La historia de Ariadna, abandonada por Teseo en la isla griega de Naxos es un caso paradigmático de la representación de la ínsula como espacio enigmático. El poeta latino Catulo relata en el Poema 64 el lamento de Ariadna que, tras haber sido abandonada por su amante, queda "pobre sobre esa playa sola" que es testigo de la "incontenible ira" que siente en su pecho. El mar ­ símbolo de inmensidad; principio y fin de la vida- "se interpone con su espacioso abismo" y deja sola a Ariadna en esa "costa sin casas, ínsula desolada, sometida al asedio de las olas marinas" que no ofrece escapatoria ni "ningún medio de fuga ni esperanza" y en donde "todo parece mudo, todo está abandonado, todo anticipa el fin". En esta ocasión el territorio insular, contagiado del dolor que siente la mujer ultrajada, adquiere tintes funestos y aparece como un espacio de aislamiento, soledad y desolación. 
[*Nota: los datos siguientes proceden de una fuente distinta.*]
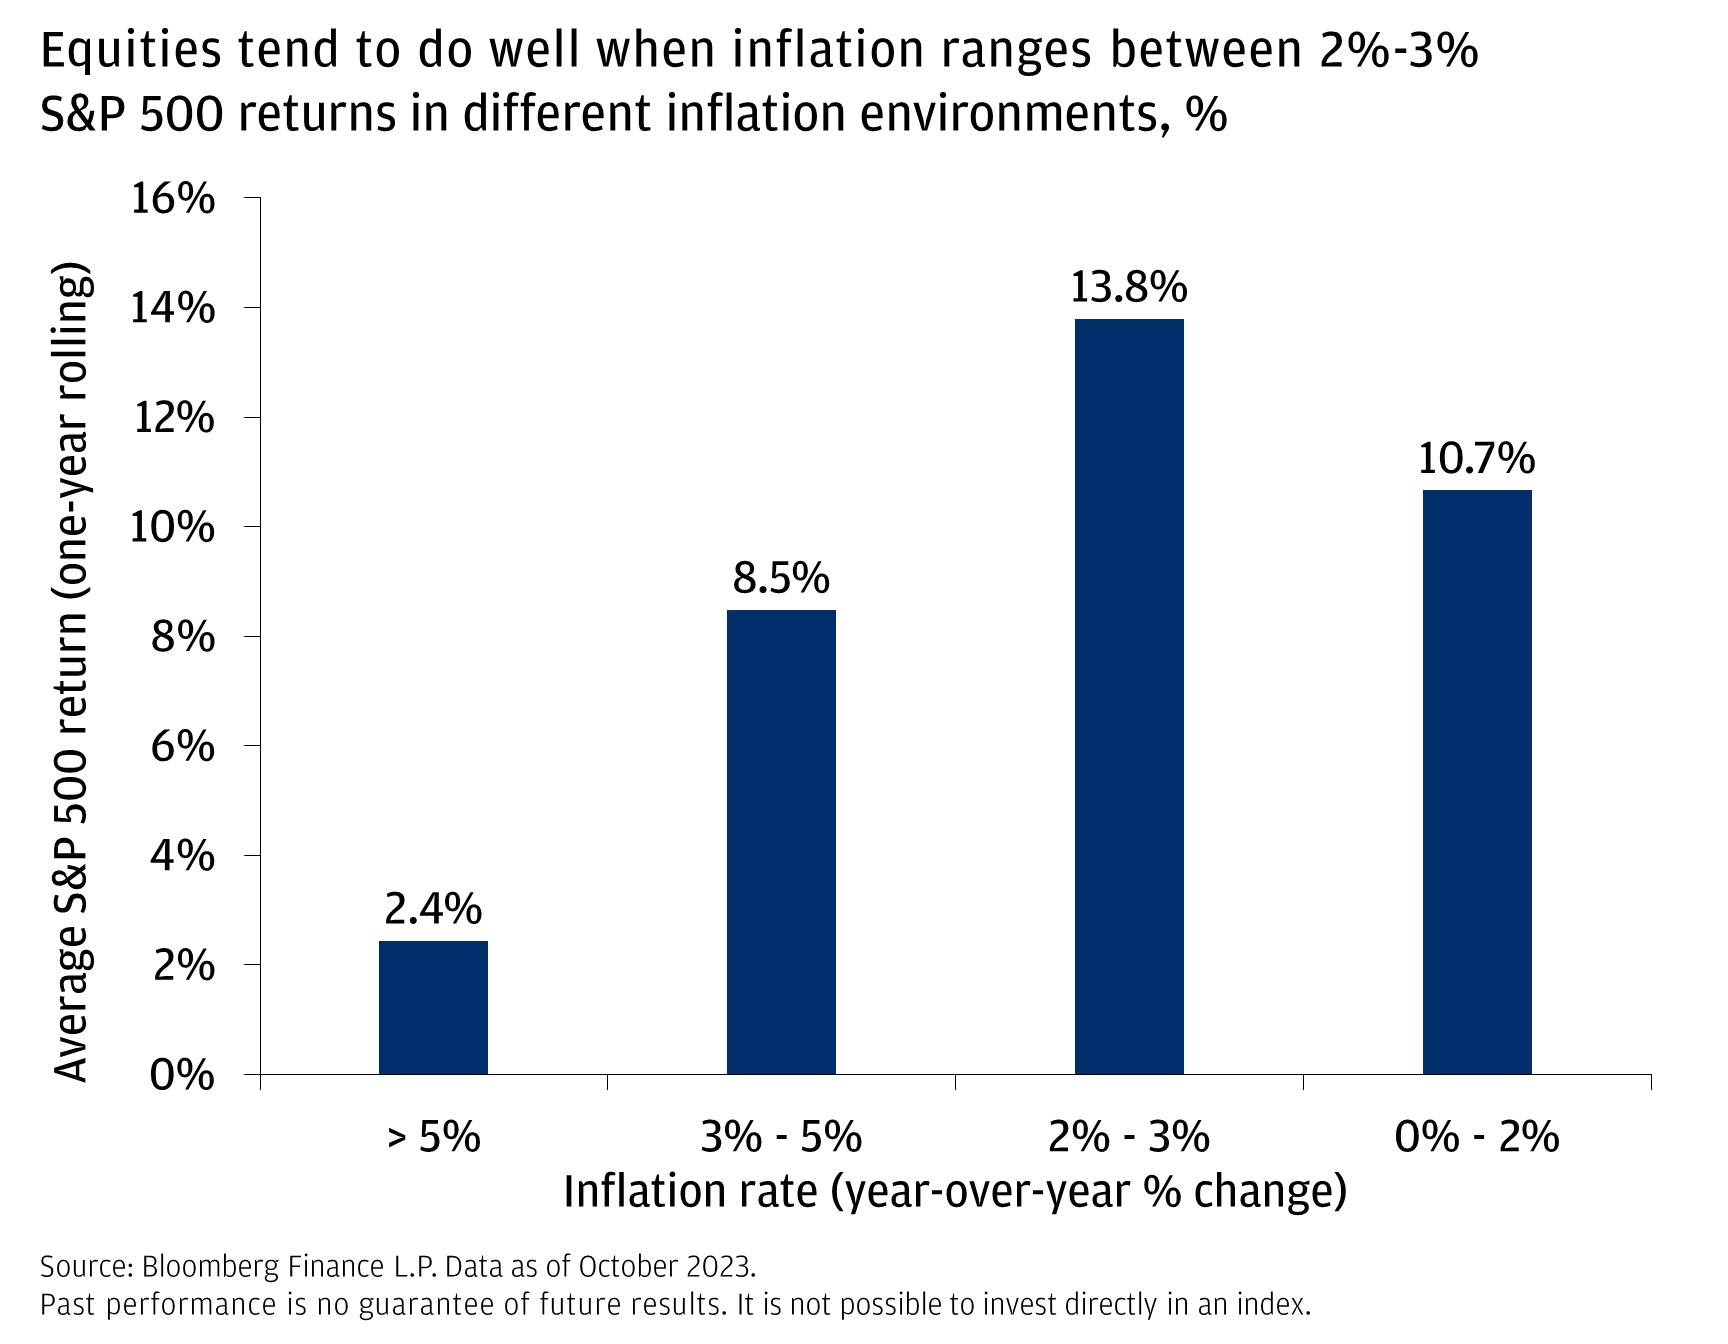 Equities tend to do well when inflation ranges between 2%-3%

El misterio y la desesperanza asoman de nuevo en los archipiélagos de una obra clásica capital: la Odisea. Homero recurre de nuevo a la representación de la isla como territorio hostil durante el pasaje dedicado a Calipso, la ninfa marina de extraordinaria belleza y armoniosa voz que reinaba en la isla de Ogigia, adonde Ulises arribó. Según el relato de Homero, Calipso se enamoró del héroe y llegó a ofrecerle la inmortalidad si se casaba con ella y renunciaba a su patria y su familia, una propuesta que Ulises rechazó. El Canto V de la Odisea en el que Homero cuenta estos hechos se inicia con el relato de Atenea, que se dirige a los dioses para decirles que Ulises "se encuentra en la isla soportando fuertes penas en el palacio de la ninfa Calipso y no tiene naves provistas de remos ni compañeros que lo acompañen por el ancho lomo del mar". Asistimos una vez más a la descripción de la isla como espacio de constreñimiento e incomunicación.
Junto a esta concepción de la insularidad, Homero introduce en su obra uno de los tópicos más recurrentes en la historia de la literatura, asociado también a los espacios flotantes: el tópico del locus amoenus o espacio edénico y virginal de extraordinaria riqueza natural, al que todos soñamos con escapar al menos una vez en la vida: "Cuando llegó a la isla lejana salió de pronto el color violeta y marchó tierra adentro hasta que llegó a la gran cueva... En torno a la cueva había nacido un florido bosque de alisos, chopos negros y olorosos cipreses, donde anidaban las aves de largas alas, los búhos y halcones y las cornejas marinas de afilada lengua que se ocupan de las cosas del mar. Había en la cóncava cueva una viña tupida que abundaba en uvas, y cuatro fuentes de agua clara...".
Con esta herencia de la Antigüedad no resulta extraño comprobar que las islas emerjan una y otra vez hoy, tanto en el imaginario colectivo como en las representaciones artísticas, como espacios de fábula en los que la realidad y la ficción se abrazan en favor de un único principio: todo es posible.